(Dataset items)

= = = =

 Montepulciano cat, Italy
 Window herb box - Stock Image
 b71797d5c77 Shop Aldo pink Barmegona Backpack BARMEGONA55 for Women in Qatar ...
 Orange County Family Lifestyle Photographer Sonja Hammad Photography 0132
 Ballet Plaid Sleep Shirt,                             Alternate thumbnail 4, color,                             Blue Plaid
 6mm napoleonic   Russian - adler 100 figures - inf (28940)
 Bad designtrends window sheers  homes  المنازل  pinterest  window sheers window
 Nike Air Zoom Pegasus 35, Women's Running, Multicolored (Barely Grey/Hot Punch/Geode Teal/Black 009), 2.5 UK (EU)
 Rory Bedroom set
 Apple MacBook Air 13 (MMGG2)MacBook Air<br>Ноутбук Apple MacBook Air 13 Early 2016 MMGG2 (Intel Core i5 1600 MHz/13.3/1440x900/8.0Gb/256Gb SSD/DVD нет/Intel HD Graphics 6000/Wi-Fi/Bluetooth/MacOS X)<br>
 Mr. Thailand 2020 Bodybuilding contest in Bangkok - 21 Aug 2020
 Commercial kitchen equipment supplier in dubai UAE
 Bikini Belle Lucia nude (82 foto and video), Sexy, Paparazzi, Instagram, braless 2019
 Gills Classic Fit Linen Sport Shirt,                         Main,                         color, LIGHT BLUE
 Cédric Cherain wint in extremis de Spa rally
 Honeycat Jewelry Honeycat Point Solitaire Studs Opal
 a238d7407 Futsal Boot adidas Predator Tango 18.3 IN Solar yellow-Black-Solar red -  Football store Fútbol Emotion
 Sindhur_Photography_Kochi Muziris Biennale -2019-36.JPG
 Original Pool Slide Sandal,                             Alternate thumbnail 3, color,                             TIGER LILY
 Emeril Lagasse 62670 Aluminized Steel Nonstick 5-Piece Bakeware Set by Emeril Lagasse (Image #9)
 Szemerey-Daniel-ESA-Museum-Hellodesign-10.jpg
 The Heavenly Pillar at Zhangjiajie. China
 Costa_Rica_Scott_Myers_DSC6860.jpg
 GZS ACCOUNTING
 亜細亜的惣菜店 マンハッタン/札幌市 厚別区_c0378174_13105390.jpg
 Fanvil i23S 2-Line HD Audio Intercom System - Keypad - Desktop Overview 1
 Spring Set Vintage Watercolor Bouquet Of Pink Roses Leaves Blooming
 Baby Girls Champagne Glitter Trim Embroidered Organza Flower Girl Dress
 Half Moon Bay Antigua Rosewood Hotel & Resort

= = = =

→ Work required
What you give back should be exactly the lines of the data above from the line with "Nike Air Zoom" through the line with "Mr. Thailand 2020", both of those included, and nothing more.

→ Exercise response
 Nike Air Zoom Pegasus 35, Women's Running, Multicolored (Barely Grey/Hot Punch/Geode Teal/Black 009), 2.5 UK (EU)
 Rory Bedroom set
 Apple MacBook Air 13 (MMGG2)MacBook Air<br>Ноутбук Apple MacBook Air 13 Early 2016 MMGG2 (Intel Core i5 1600 MHz/13.3/1440x900/8.0Gb/256Gb SSD/DVD нет/Intel HD Graphics 6000/Wi-Fi/Bluetooth/MacOS X)<br>
 Mr. Thailand 2020 Bodybuilding contest in Bangkok - 21 Aug 2020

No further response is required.